- _WHAT NEEDS TO BE DONE_
Ignoring every picture, return the lines of the listing below word for word, from the line that holds "a soccer uniform)))" through the line that holds "May be an image".

::: THE DATA :::

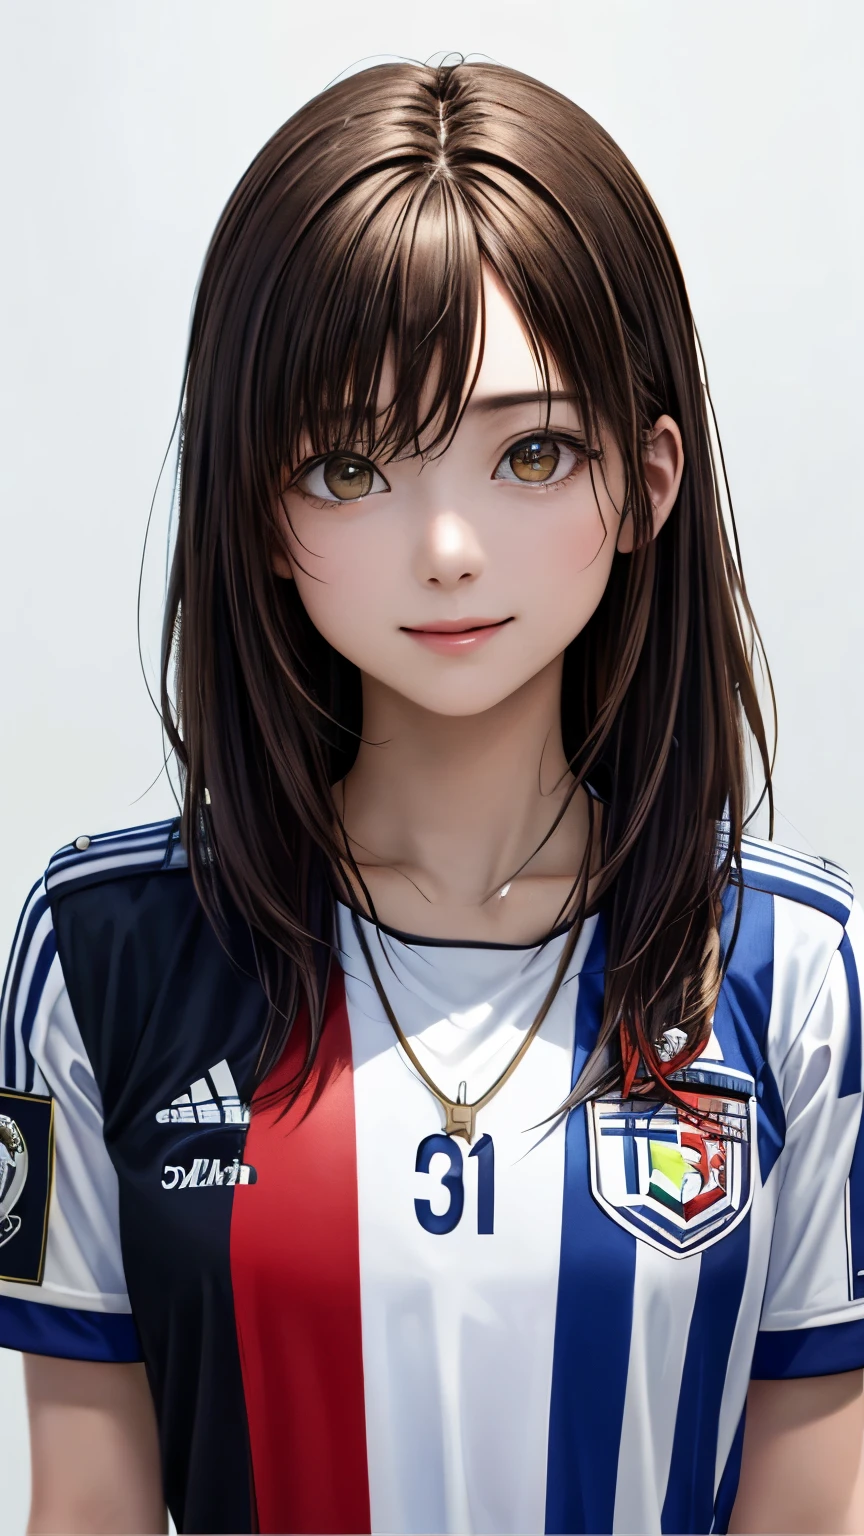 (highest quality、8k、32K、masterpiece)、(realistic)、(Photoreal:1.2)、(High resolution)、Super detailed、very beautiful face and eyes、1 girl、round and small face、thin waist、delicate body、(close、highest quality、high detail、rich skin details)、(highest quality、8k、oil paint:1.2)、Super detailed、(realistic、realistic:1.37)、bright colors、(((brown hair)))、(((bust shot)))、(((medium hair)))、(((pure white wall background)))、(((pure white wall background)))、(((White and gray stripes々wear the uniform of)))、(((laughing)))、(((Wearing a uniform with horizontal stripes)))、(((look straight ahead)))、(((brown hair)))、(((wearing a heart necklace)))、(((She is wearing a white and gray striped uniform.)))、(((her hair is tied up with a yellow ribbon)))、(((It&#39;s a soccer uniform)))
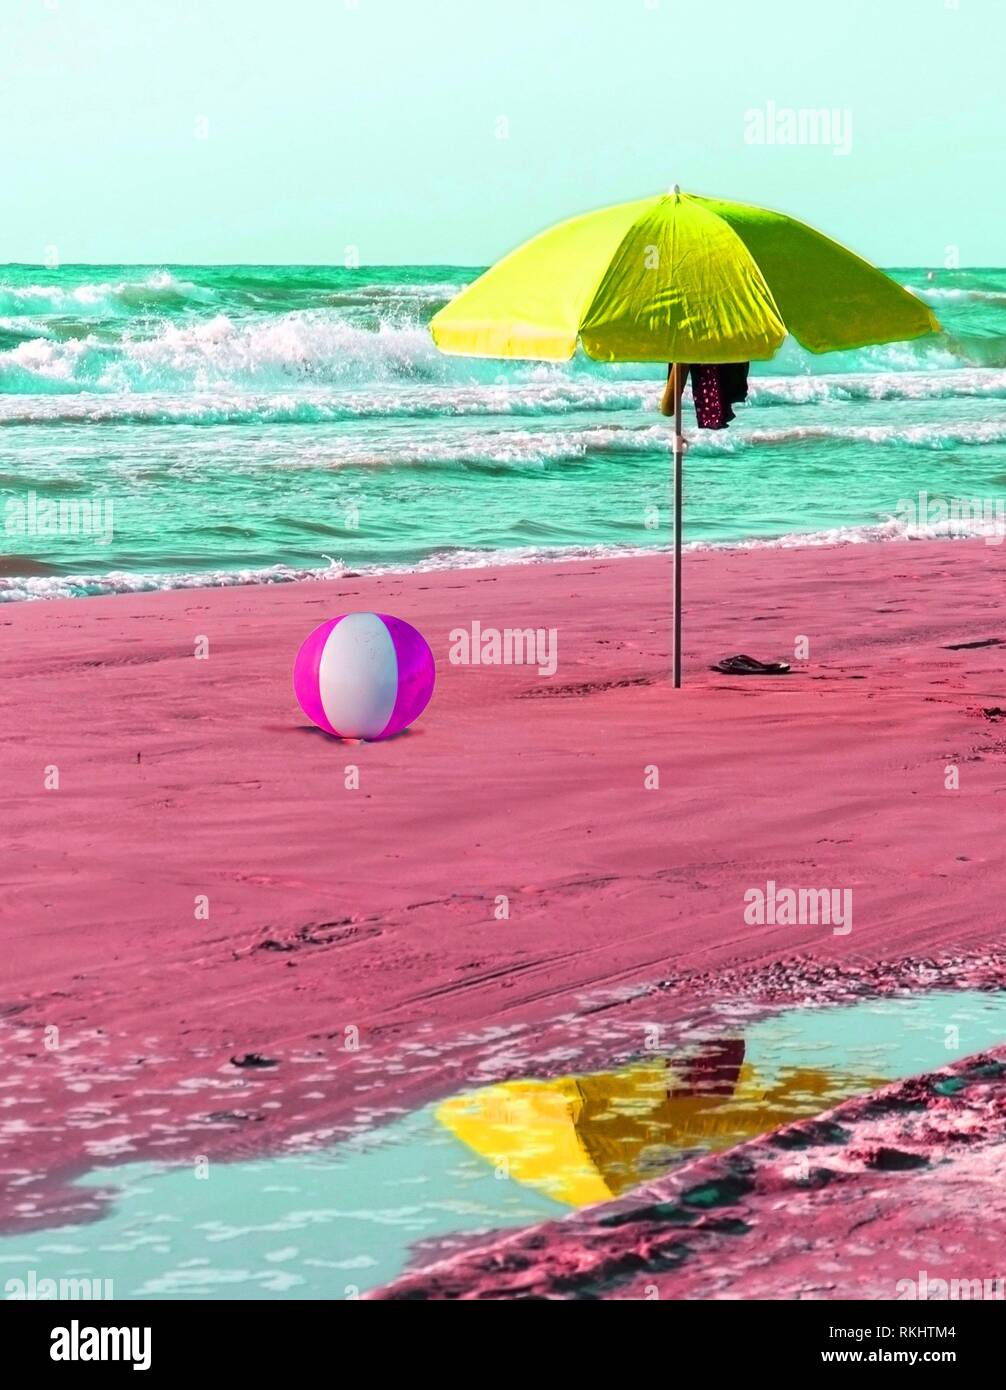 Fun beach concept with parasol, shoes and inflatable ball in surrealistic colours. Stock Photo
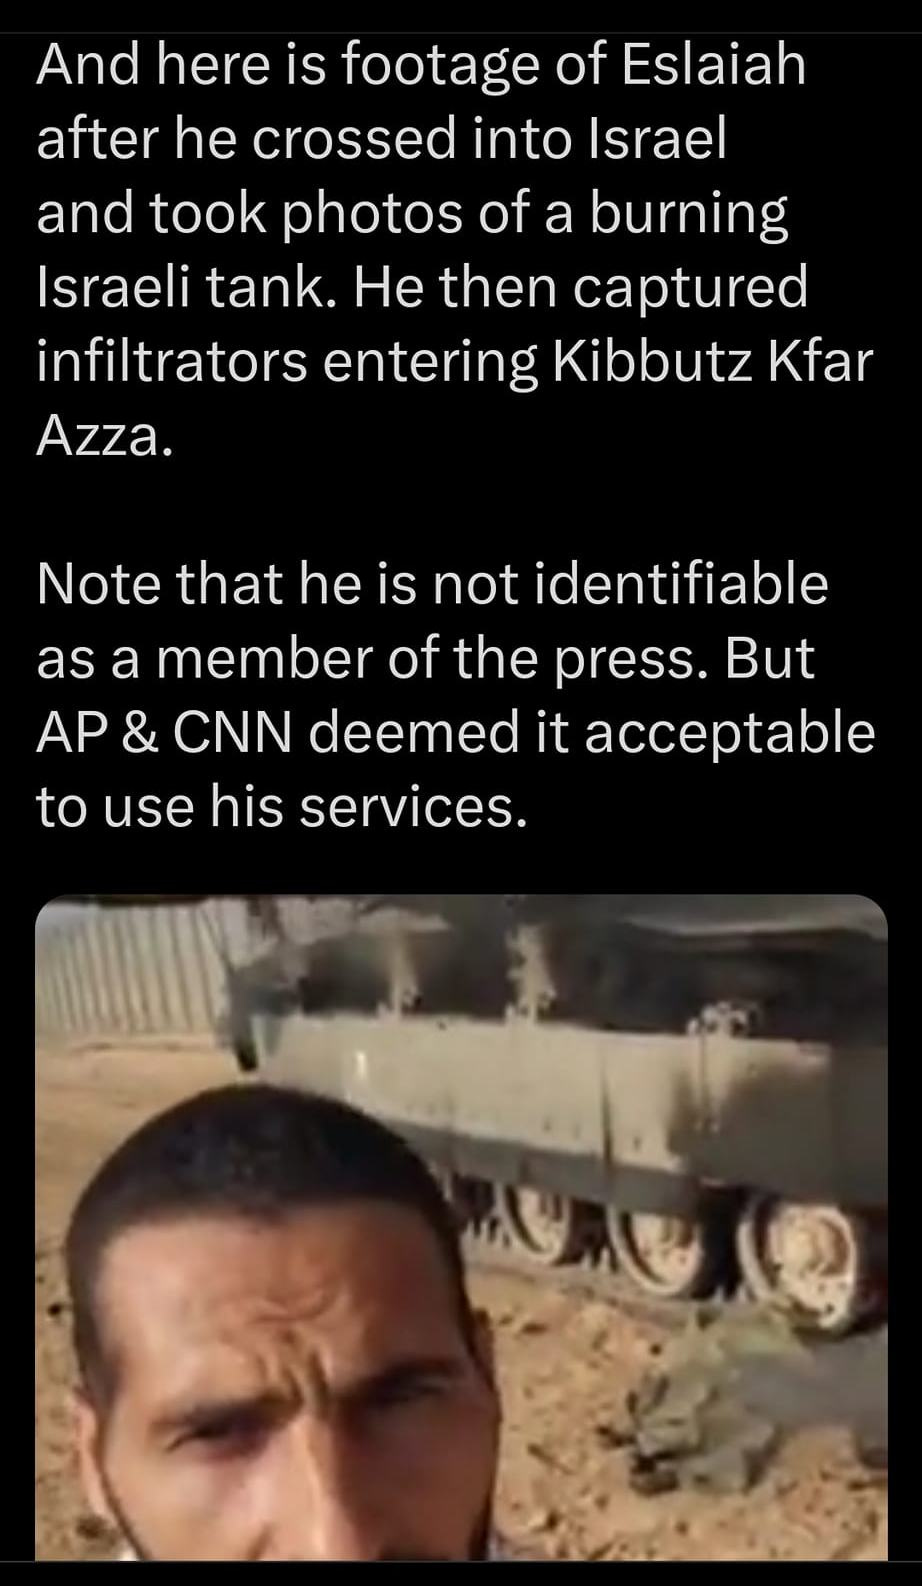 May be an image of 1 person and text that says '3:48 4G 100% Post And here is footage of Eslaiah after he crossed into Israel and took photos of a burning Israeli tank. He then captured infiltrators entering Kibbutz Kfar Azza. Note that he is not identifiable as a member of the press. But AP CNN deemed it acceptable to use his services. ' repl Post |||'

:::
::: THE DATA :::

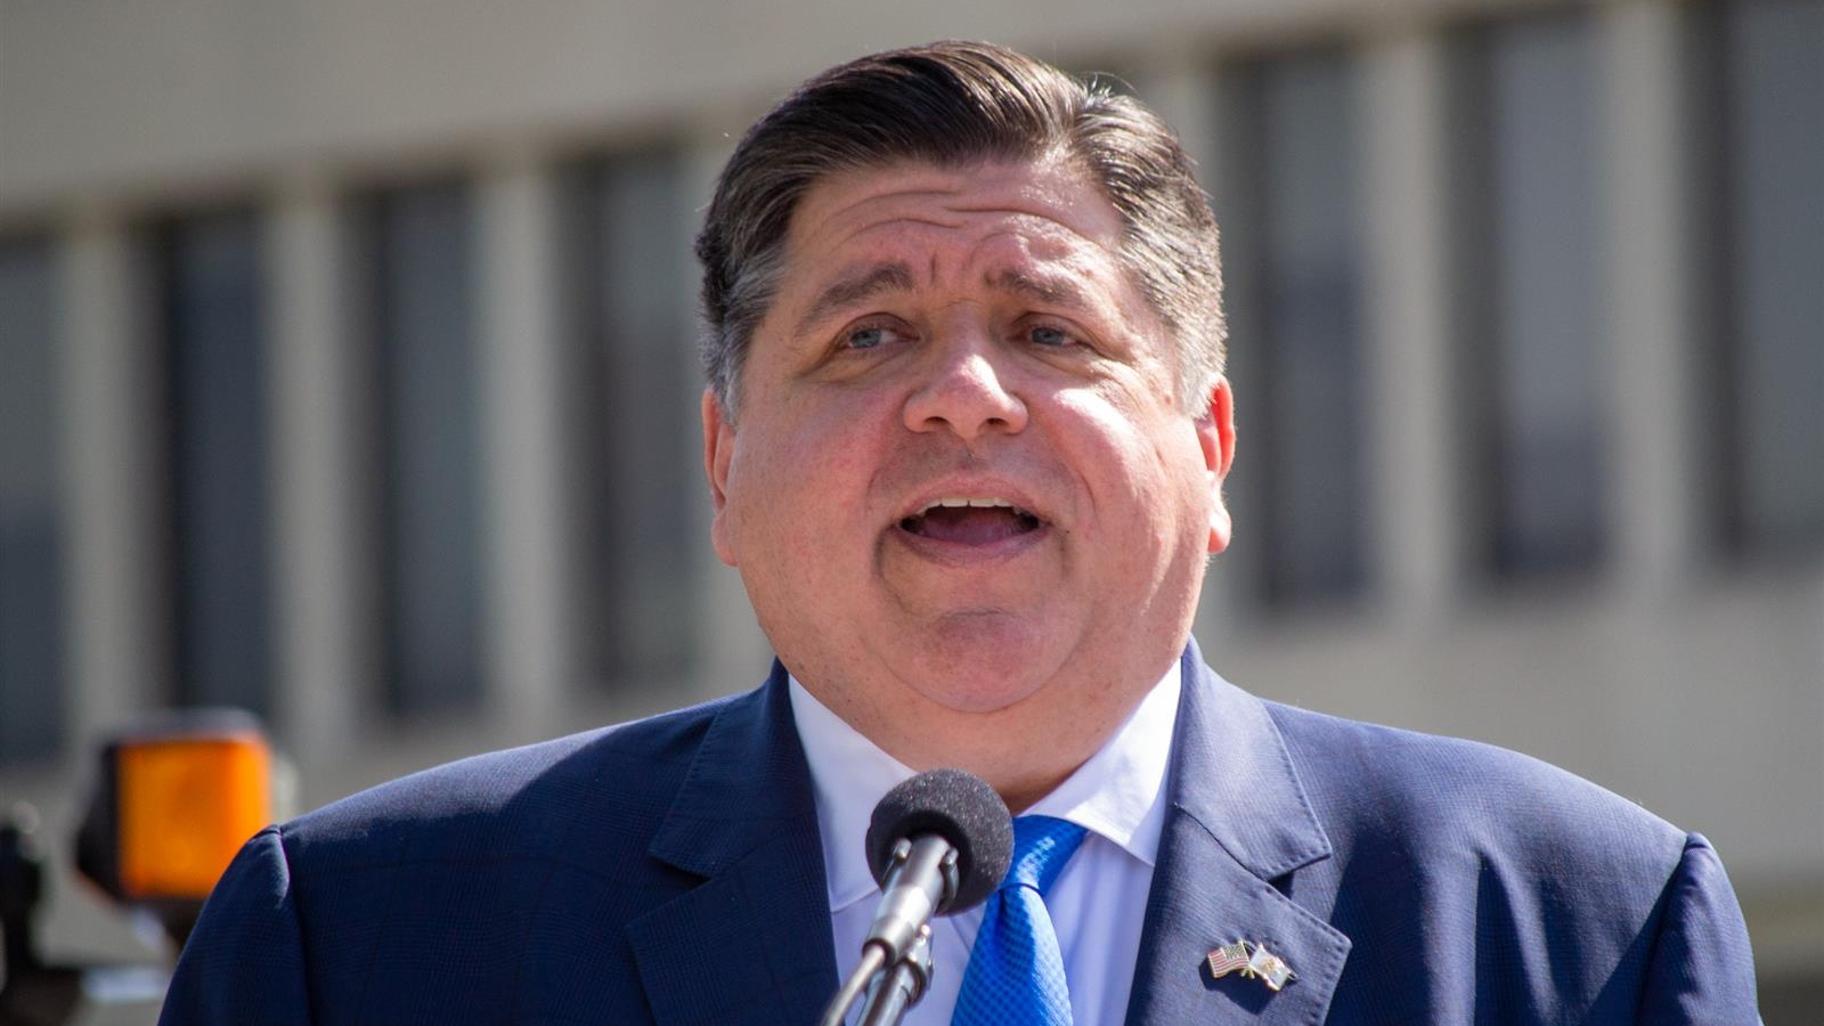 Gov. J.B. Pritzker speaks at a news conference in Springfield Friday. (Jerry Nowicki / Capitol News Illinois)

:::

- _RESPONSE_
 (highest quality、8k、32K、masterpiece)、(realistic)、(Photoreal:1.2)、(High resolution)、Super detailed、very beautiful face and eyes、1 girl、round and small face、thin waist、delicate body、(close、highest quality、high detail、rich skin details)、(highest quality、8k、oil paint:1.2)、Super detailed、(realistic、realistic:1.37)、bright colors、(((brown hair)))、(((bust shot)))、(((medium hair)))、(((pure white wall background)))、(((pure white wall background)))、(((White and gray stripes々wear the uniform of)))、(((laughing)))、(((Wearing a uniform with horizontal stripes)))、(((look straight ahead)))、(((brown hair)))、(((wearing a heart necklace)))、(((She is wearing a white and gray striped uniform.)))、(((her hair is tied up with a yellow ribbon)))、(((It&#39;s a soccer uniform)))
 Fun beach concept with parasol, shoes and inflatable ball in surrealistic colours. Stock Photo
 May be an image of 1 person and text that says '3:48 4G 100% Post And here is footage of Eslaiah after he crossed into Israel and took photos of a burning Israeli tank. He then captured infiltrators entering Kibbutz Kfar Azza. Note that he is not identifiable as a member of the press. But AP CNN deemed it acceptable to use his services. ' repl Post |||'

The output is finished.